Date: Fri, 13 Apr 2018 15:35:30 -0700

Subject: [PATCH] ipc/shm: fix use-after-free of shm file via

 remap_file_pages()

Git-commit: 3f05317d9889ab75c7190dcd39491d2a97921984

Patch-mainline: v4.17-rc1

References: bnc#1102512

syzbot reported a use-after-free of shm_file_data(file)->file->f_op in

shm_get_unmapped_area(), called via sys_remap_file_pages().

Unfortunately it couldn't generate a reproducer, but I found a bug which

I think caused it.  When remap_file_pages() is passed a full System V

shared memory segment, the memory is first unmapped, then a new map is

created using the ->vm_file.  Between these steps, the shm ID can be

removed and reused for a new shm segment.  But, shm_mmap() only checks

whether the ID is currently valid before calling the underlying file's

->mmap(); it doesn't check whether it was reused.  Thus it can use the

wrong underlying file, one that was already freed.

Fix this by making the "outer" shm file (the one that gets put in

->vm_file) hold a reference to the real shm file, and by making

__shm_open() require that the file associated with the shm ID matches

the one associated with the "outer" file.

Taking the reference to the real shm file is needed to fully solve the

problem, since otherwise sfd->file could point to a freed file, which

then could be reallocated for the reused shm ID, causing the wrong shm

segment to be mapped (and without the required permission checks).

Commit 1ac0b6dec656 ("ipc/shm: handle removed segments gracefully in

shm_mmap()") almost fixed this bug, but it didn't go far enough because

it didn't consider the case where the shm ID is reused.

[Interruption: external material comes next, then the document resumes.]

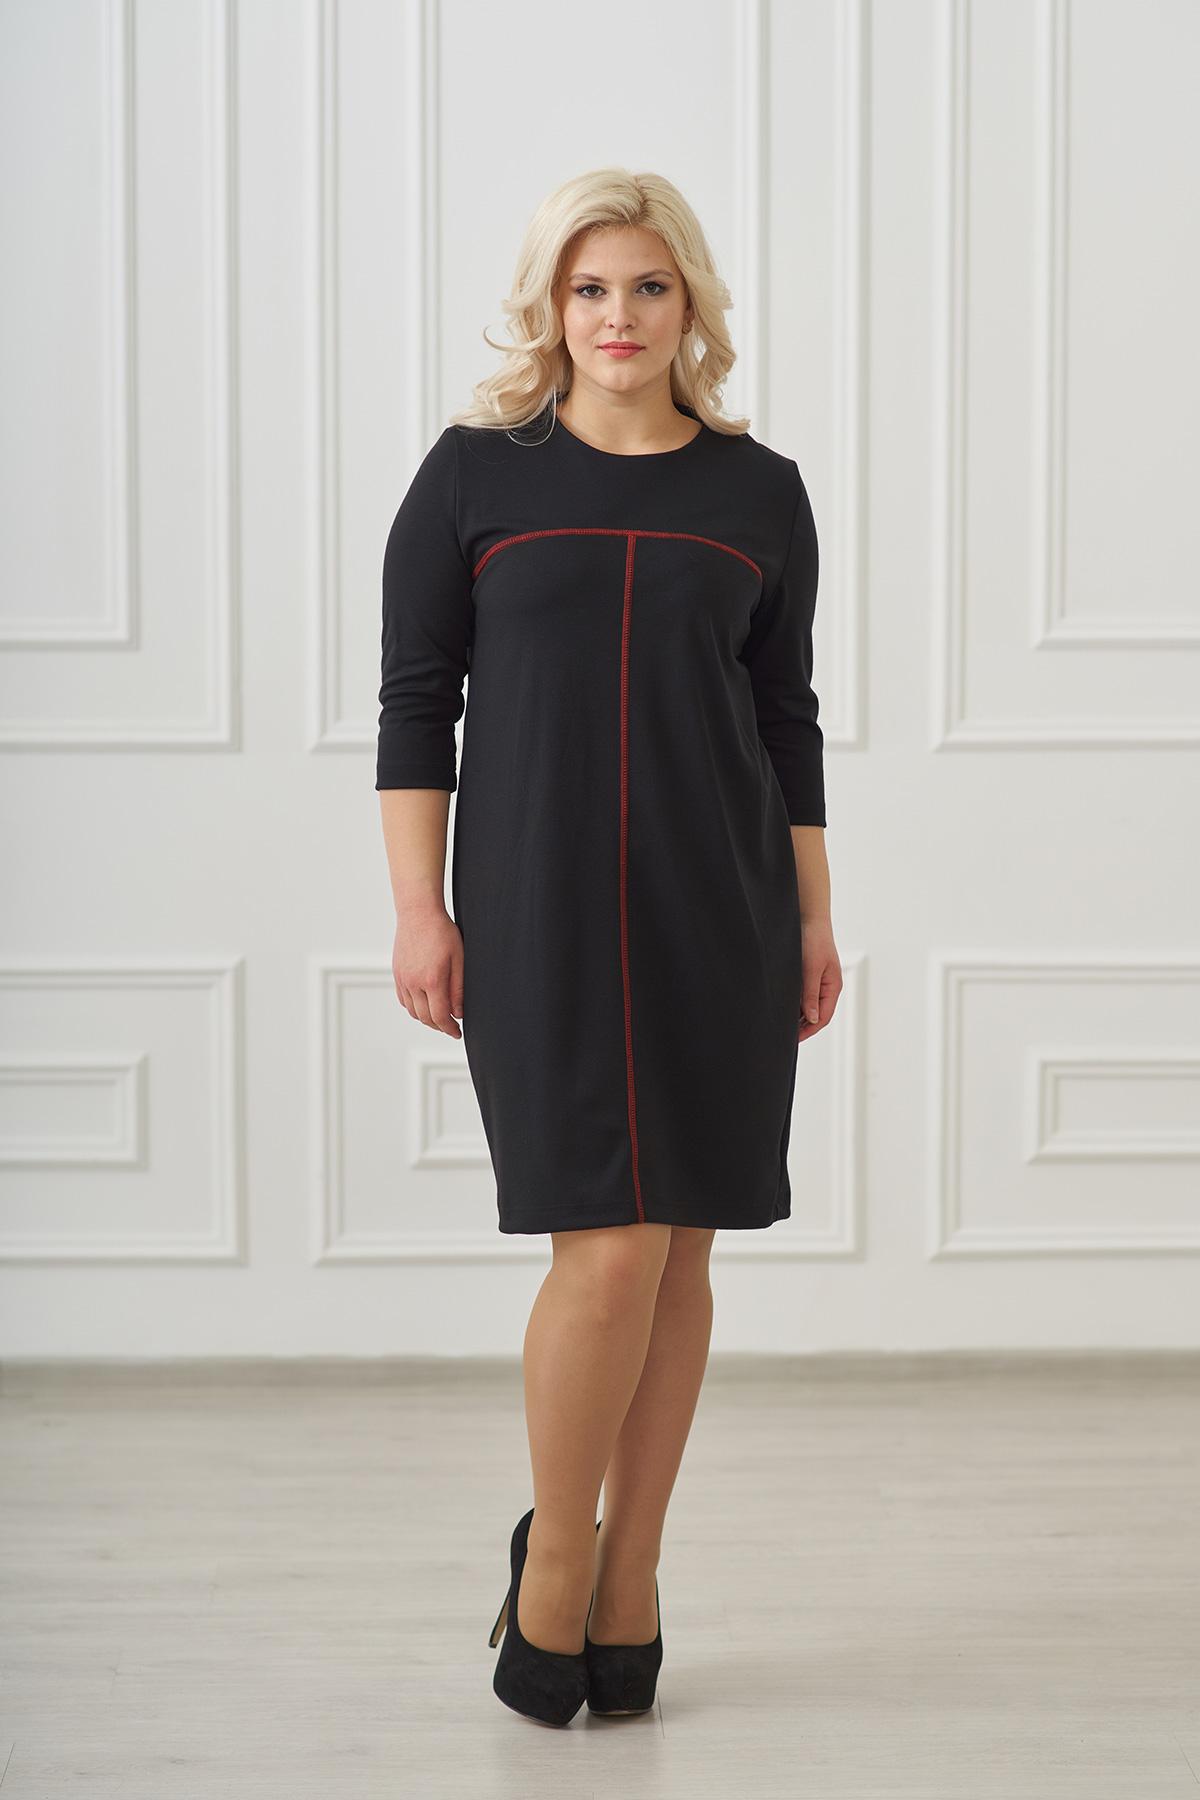 Жен. платье арт. 19-0025 Черный р. 46Платья<br>Факт. ОГ: 92 см <br>Факт. ОТ: 94 см <br>Факт. ОБ: 98 см <br>Длина по спинке: 92 см<br><br>Тип: Жен. платье<br>Размер: 46<br>Материал: Милано

The following program usually reproduces this bug:

	#include <stdlib.h>

	#include <sys/shm.h>

	#include <sys/syscall.h>

	#include <unistd.h>

	int main()

	{

		int is_parent = (fork() != 0);

		srand(getpid());

		for (;;) {

			int id = shmget(0xF00F, 4096, IPC_CREAT|0700);

			if (is_parent) {

				void *addr = shmat(id, NULL, 0);

				usleep(rand() % 50);

				while (!syscall(__NR_remap_file_pages, addr, 4096, 0, 0, 0));

			} else {

				usleep(rand() % 50);

				shmctl(id, IPC_RMID, NULL);

			}

		}

	}

It causes the following NULL pointer dereference due to a 'struct file'

being used while it's being freed.  (I couldn't actually get a KASAN

use-after-free splat like in the syzbot report.  But I think it's

possible with this bug; it would just take a more extraordinary race...)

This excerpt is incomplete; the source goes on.